→ **YOUR ASSIGNMENT**
Write out exactly the lines of the material below, beginning at the top and ending at the line that contains "Kleid große Größen".

→ **EXTRACTED DATA**
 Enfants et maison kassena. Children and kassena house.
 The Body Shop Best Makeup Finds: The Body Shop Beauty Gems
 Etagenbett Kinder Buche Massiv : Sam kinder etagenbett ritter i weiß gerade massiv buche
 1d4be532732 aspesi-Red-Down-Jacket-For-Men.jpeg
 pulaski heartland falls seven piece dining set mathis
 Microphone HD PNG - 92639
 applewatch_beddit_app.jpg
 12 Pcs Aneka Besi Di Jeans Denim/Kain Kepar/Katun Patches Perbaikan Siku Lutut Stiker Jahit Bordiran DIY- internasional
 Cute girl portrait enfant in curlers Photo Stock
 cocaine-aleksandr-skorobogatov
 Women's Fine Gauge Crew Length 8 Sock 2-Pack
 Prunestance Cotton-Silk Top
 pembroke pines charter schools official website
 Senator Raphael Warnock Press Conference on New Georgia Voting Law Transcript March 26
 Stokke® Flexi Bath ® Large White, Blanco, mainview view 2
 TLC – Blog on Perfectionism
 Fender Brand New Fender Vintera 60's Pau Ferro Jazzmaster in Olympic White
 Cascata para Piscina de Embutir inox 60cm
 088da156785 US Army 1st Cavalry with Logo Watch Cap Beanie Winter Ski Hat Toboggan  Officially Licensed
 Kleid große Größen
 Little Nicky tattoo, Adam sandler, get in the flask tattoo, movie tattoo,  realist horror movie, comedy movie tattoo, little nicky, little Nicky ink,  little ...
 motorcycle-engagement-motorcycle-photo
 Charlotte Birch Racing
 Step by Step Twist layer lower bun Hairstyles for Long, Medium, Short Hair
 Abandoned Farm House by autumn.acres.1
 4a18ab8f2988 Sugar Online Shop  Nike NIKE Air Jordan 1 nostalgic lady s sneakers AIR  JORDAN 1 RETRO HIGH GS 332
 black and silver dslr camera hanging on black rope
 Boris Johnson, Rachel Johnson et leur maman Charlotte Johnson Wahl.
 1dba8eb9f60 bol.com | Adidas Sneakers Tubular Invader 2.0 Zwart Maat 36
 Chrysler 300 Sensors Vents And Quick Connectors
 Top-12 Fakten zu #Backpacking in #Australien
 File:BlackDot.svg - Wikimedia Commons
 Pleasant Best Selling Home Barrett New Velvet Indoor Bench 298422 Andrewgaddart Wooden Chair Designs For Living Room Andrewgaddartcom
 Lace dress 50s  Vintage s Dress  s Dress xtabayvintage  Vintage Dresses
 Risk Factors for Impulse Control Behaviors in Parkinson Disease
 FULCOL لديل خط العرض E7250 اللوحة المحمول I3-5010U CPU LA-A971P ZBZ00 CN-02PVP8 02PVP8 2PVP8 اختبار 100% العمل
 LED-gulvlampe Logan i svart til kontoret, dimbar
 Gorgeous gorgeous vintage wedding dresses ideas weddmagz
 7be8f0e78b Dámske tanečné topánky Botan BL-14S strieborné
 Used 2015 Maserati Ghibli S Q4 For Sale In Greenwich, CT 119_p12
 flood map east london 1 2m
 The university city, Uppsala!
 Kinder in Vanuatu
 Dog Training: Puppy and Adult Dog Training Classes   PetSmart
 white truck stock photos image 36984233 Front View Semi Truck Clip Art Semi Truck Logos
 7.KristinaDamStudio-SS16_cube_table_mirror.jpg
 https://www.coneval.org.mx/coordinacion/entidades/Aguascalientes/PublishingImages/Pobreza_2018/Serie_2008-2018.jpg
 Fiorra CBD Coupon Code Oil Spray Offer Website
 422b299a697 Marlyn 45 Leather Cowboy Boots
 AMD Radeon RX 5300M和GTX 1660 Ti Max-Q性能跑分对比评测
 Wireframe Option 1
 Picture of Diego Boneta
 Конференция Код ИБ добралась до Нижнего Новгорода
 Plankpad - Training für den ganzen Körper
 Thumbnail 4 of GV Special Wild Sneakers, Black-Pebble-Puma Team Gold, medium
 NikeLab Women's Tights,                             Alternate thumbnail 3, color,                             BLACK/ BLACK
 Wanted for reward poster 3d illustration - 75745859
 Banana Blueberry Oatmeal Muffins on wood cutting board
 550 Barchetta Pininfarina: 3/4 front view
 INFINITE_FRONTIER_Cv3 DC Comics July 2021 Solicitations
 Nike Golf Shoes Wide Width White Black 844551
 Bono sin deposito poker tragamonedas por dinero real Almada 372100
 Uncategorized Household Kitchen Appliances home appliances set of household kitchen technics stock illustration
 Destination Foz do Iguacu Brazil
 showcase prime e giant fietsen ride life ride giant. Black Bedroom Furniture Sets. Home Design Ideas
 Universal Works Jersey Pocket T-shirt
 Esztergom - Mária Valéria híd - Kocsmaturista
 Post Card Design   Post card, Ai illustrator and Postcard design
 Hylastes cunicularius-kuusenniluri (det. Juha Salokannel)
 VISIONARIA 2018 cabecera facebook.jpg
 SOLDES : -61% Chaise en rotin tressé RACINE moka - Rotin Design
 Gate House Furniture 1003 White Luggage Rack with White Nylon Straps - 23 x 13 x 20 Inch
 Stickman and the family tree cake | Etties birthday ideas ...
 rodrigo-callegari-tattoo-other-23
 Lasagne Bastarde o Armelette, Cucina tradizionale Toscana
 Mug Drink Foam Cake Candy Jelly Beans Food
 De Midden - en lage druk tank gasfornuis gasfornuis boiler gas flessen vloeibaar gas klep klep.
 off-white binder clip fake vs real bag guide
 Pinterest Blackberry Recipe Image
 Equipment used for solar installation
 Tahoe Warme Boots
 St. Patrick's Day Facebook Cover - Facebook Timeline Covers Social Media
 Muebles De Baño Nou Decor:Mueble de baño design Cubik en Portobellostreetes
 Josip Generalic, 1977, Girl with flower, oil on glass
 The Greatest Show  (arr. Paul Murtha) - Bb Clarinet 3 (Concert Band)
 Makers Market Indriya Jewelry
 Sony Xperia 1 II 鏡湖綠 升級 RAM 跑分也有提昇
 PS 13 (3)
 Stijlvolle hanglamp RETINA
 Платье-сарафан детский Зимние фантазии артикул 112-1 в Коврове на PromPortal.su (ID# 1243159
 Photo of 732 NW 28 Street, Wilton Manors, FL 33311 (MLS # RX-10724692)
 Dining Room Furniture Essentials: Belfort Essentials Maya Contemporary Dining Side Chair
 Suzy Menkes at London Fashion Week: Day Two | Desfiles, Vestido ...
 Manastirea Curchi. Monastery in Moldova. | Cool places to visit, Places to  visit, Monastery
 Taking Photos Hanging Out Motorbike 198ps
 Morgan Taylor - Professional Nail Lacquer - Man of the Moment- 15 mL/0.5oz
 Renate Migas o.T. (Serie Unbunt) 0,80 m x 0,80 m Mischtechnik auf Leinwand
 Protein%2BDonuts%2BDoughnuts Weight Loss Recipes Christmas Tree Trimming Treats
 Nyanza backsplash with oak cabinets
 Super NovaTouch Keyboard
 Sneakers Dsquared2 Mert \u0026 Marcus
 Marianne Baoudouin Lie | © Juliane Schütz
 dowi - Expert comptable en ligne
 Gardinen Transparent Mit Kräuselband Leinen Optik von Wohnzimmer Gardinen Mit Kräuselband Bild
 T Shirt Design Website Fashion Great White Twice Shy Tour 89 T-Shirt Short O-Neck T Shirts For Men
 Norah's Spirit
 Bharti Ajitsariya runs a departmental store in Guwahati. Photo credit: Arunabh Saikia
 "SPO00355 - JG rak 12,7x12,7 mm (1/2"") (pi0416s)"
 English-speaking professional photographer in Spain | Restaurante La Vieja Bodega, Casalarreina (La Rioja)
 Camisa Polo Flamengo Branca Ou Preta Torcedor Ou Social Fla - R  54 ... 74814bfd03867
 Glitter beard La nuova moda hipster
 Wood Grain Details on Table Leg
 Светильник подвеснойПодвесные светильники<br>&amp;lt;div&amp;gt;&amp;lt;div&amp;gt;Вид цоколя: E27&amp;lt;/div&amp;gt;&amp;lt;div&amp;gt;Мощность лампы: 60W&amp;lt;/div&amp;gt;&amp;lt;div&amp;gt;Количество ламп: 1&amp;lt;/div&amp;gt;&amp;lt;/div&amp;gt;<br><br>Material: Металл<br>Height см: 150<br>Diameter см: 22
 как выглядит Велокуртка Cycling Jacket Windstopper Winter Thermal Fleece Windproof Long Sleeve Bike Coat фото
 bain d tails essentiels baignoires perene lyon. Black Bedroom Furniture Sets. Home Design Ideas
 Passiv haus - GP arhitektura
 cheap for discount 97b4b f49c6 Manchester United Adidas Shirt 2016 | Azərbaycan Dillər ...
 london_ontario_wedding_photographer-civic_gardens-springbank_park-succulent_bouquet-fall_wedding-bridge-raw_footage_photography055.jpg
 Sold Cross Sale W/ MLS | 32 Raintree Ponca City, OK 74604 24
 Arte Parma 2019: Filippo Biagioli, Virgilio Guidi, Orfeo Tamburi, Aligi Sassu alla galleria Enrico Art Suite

→ **TASK SOLUTION**
 Enfants et maison kassena. Children and kassena house.
 The Body Shop Best Makeup Finds: The Body Shop Beauty Gems
 Etagenbett Kinder Buche Massiv : Sam kinder etagenbett ritter i weiß gerade massiv buche
 1d4be532732 aspesi-Red-Down-Jacket-For-Men.jpeg
 pulaski heartland falls seven piece dining set mathis
 Microphone HD PNG - 92639
 applewatch_beddit_app.jpg
 12 Pcs Aneka Besi Di Jeans Denim/Kain Kepar/Katun Patches Perbaikan Siku Lutut Stiker Jahit Bordiran DIY- internasional
 Cute girl portrait enfant in curlers Photo Stock
 cocaine-aleksandr-skorobogatov
 Women's Fine Gauge Crew Length 8 Sock 2-Pack
 Prunestance Cotton-Silk Top
 pembroke pines charter schools official website
 Senator Raphael Warnock Press Conference on New Georgia Voting Law Transcript March 26
 Stokke® Flexi Bath ® Large White, Blanco, mainview view 2
 TLC – Blog on Perfectionism
 Fender Brand New Fender Vintera 60's Pau Ferro Jazzmaster in Olympic White
 Cascata para Piscina de Embutir inox 60cm
 088da156785 US Army 1st Cavalry with Logo Watch Cap Beanie Winter Ski Hat Toboggan  Officially Licensed
 Kleid große Größen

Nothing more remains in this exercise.